The Seattle Sounders head into their Week 8 clash against LAFC within touching distance of their opponents, who sit atop the Western Conference standings. Sunday’s six-pointer would have a different aura surrounding the match had Seattle not handed Toronto FC its first defeat of the campaign last weekend.
While Will Bruin’s brace and Cristian Roldan’s venomous winner have gotten most of the headlines, the Rave Green might have settled for a deflating draw if not for the late-game heroics of goalkeeper Stefan Frei.
With only a minute remaining in second-half stoppage time, TFC’s new signing, Alejandro Pozuelo, carved out a glorious chance to steal a point on the road. Utilizing a slight feint and an electric burst of pace, he glided inside and unleashed curled effort that seemed destined for the bottom corner.
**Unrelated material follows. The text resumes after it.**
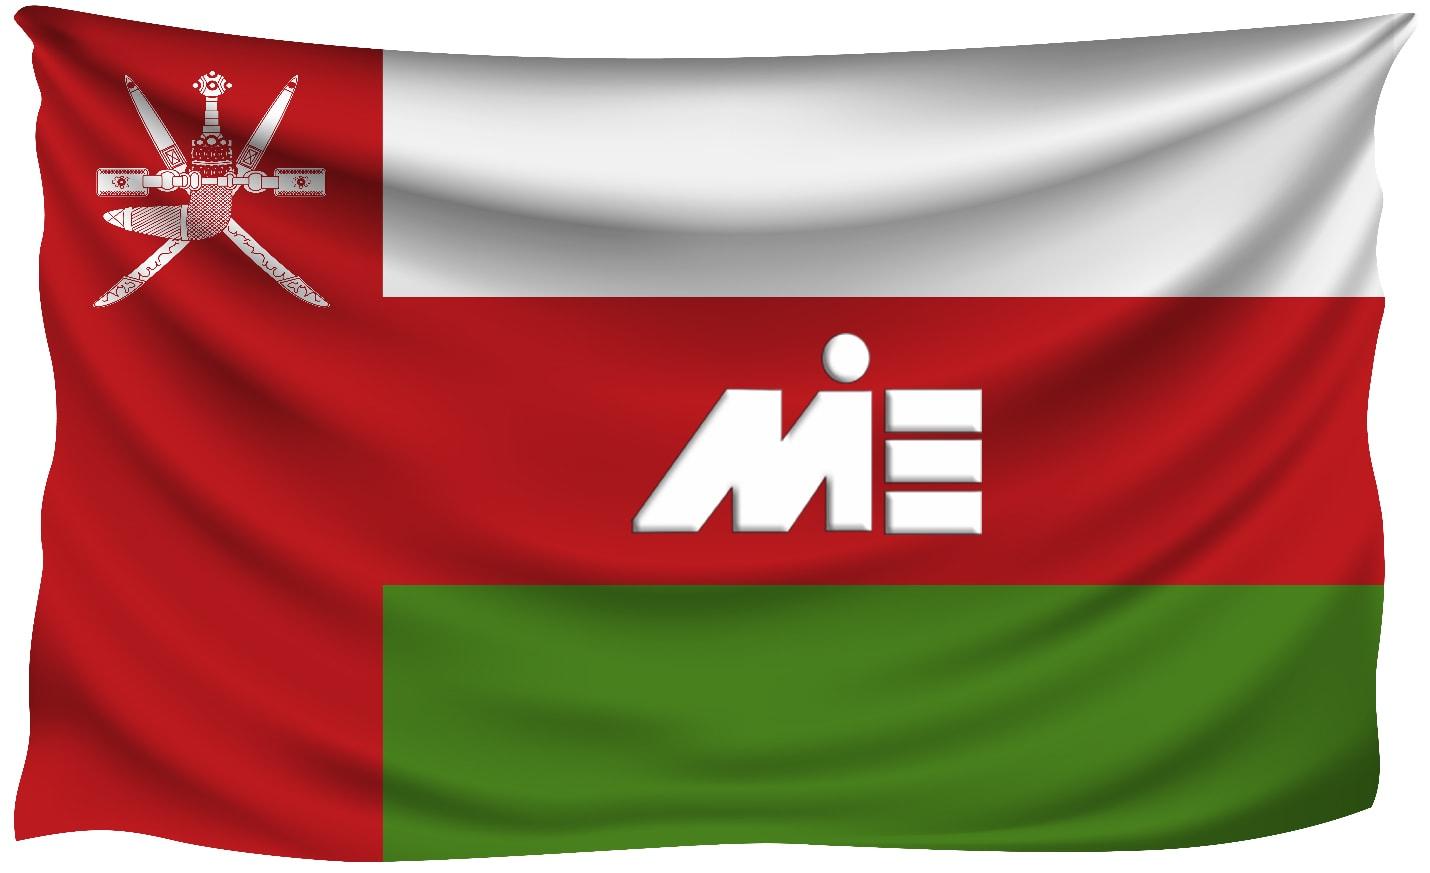 پرچم عمان ـ ویزای عمان ـ مهاجرت به عمان ـ کار در عمان

But as he’s done throughout his tenure with Seattle, especially against Toronto, Frei supplied a moment of individual brilliance, putting the team on his back as he pulled off a world-class save. TFC must be sick of facing Seattle’s No. 24.
It was the type of save that every young goalkeeper should watch, as it was only possible because of Frei’s excellent positioning, footwork and diving technique.
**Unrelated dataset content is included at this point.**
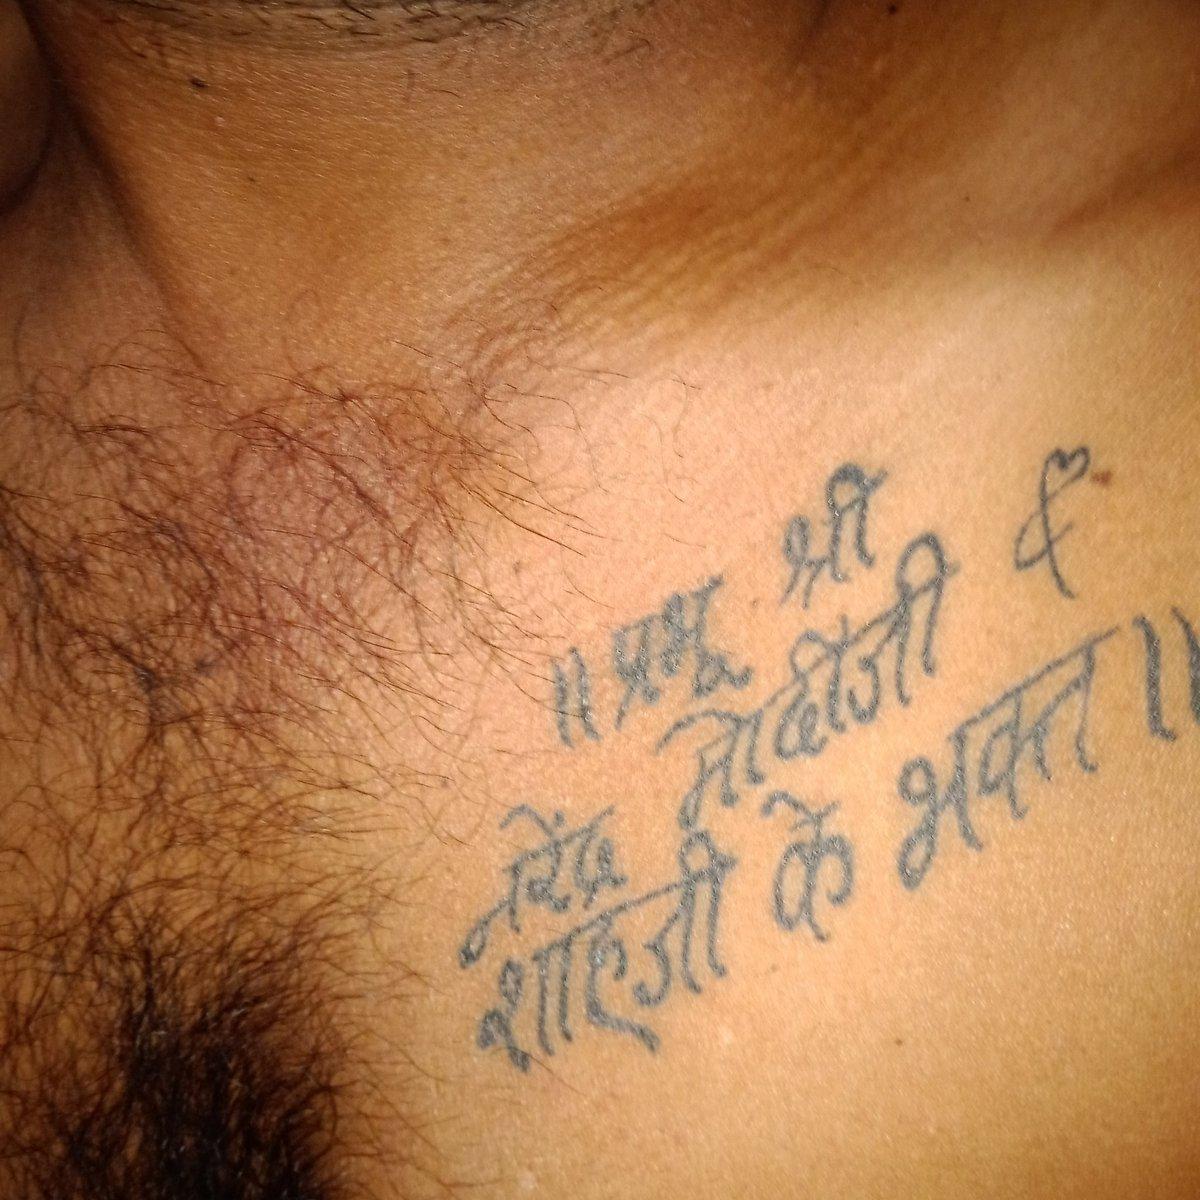 @AmitShah @jairamthakurbjp Only modi ji
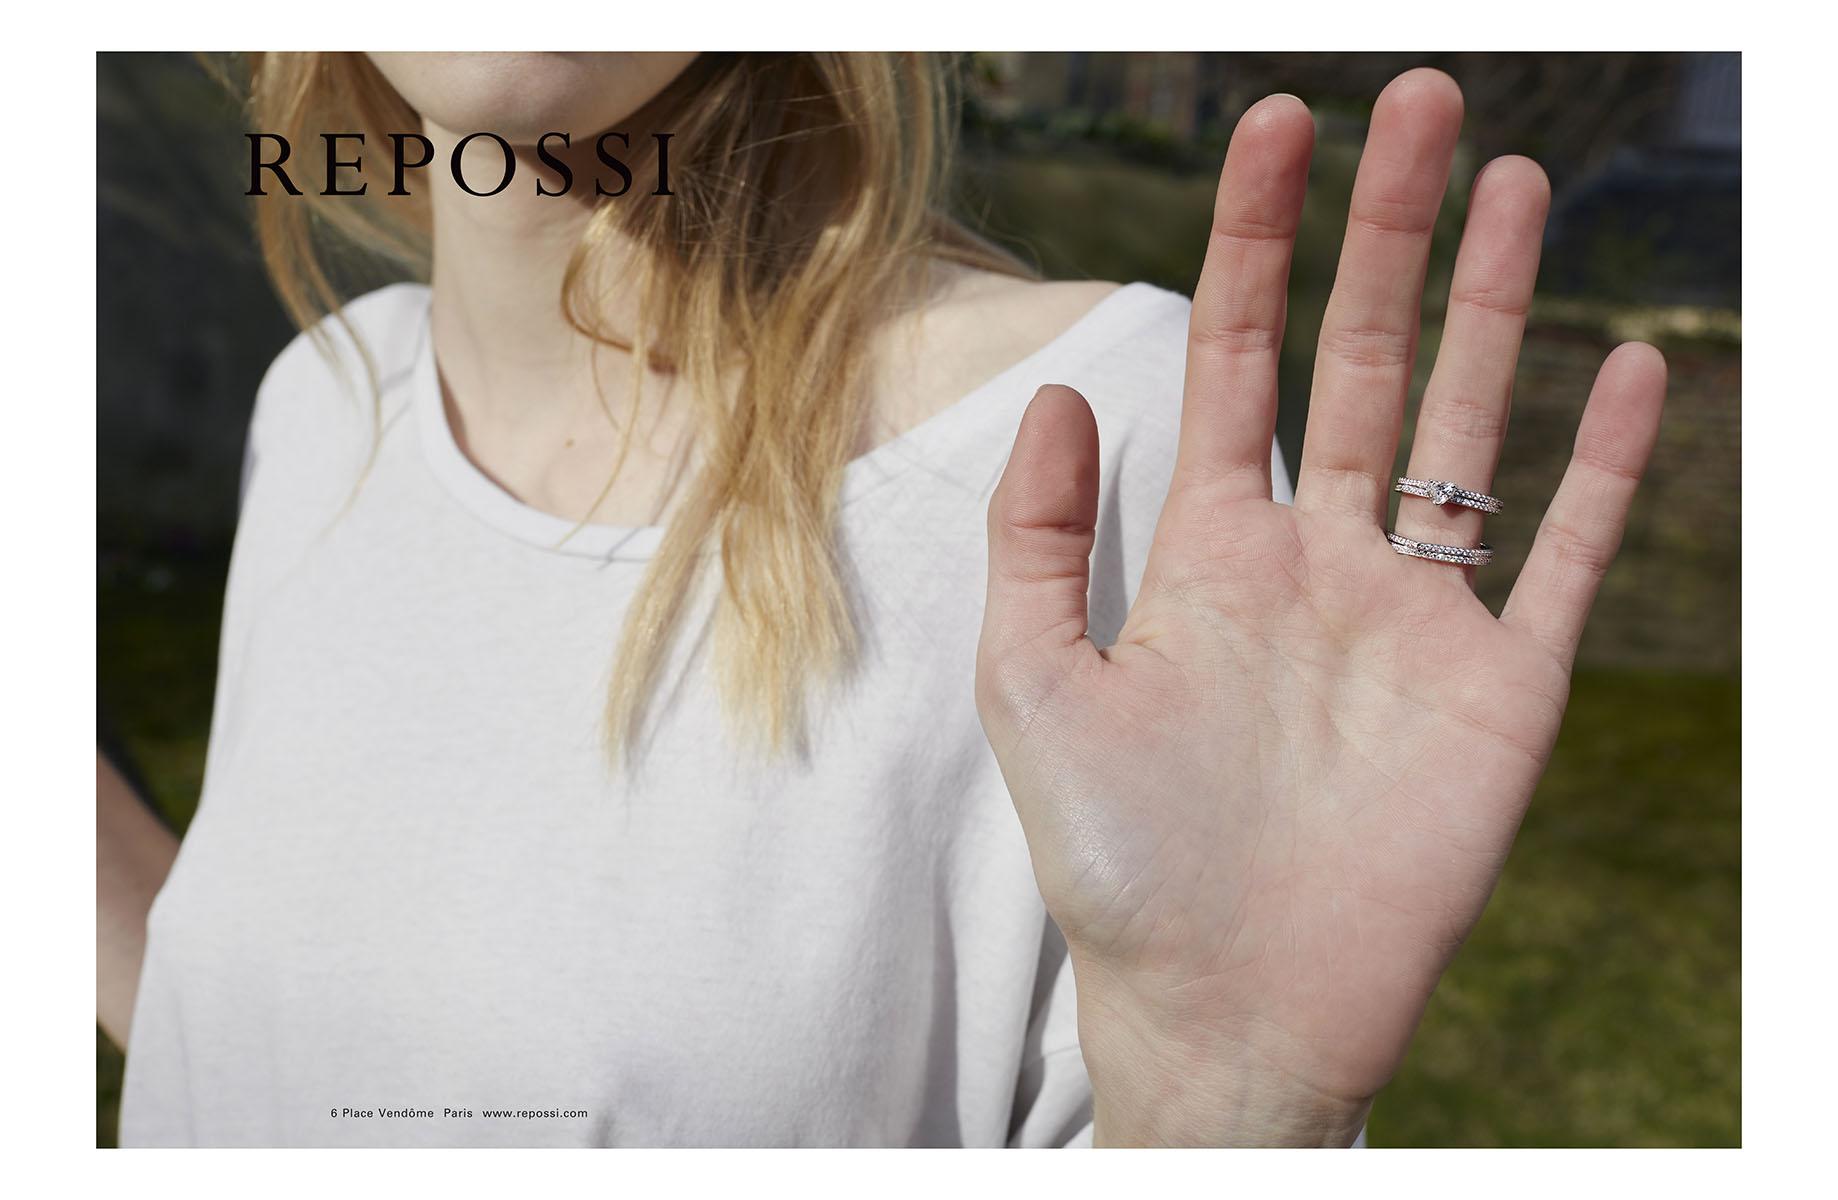 Repossi-spring-2017-ad-campaign-the-impression-01

As Pozuelo receives the ball in the left channel, Frei’s positioning is perfect. He stations himself closer to his near post, denying a driven shot, but also about a yard off his line, in case he needs to rush out and claim a cross.
When Pozuelo drives into the box, the Seattle shot-stopper remains incredibly disciplined with his positioning. It would have been easy, even tempting, to match the Spaniard stride-for-stride, shifting laterally as TFC’s No. 10 cut further inside. But Frei’s decision to get set in that exact location is validated by the swarth of players in front of him.
He correctly identifies two possible shooting lanes, which are either side of Kelvin Leerdam. He’s positioned perfectly, as he has a clear view of the shooter and a good enough angle to make a save at the near or far post.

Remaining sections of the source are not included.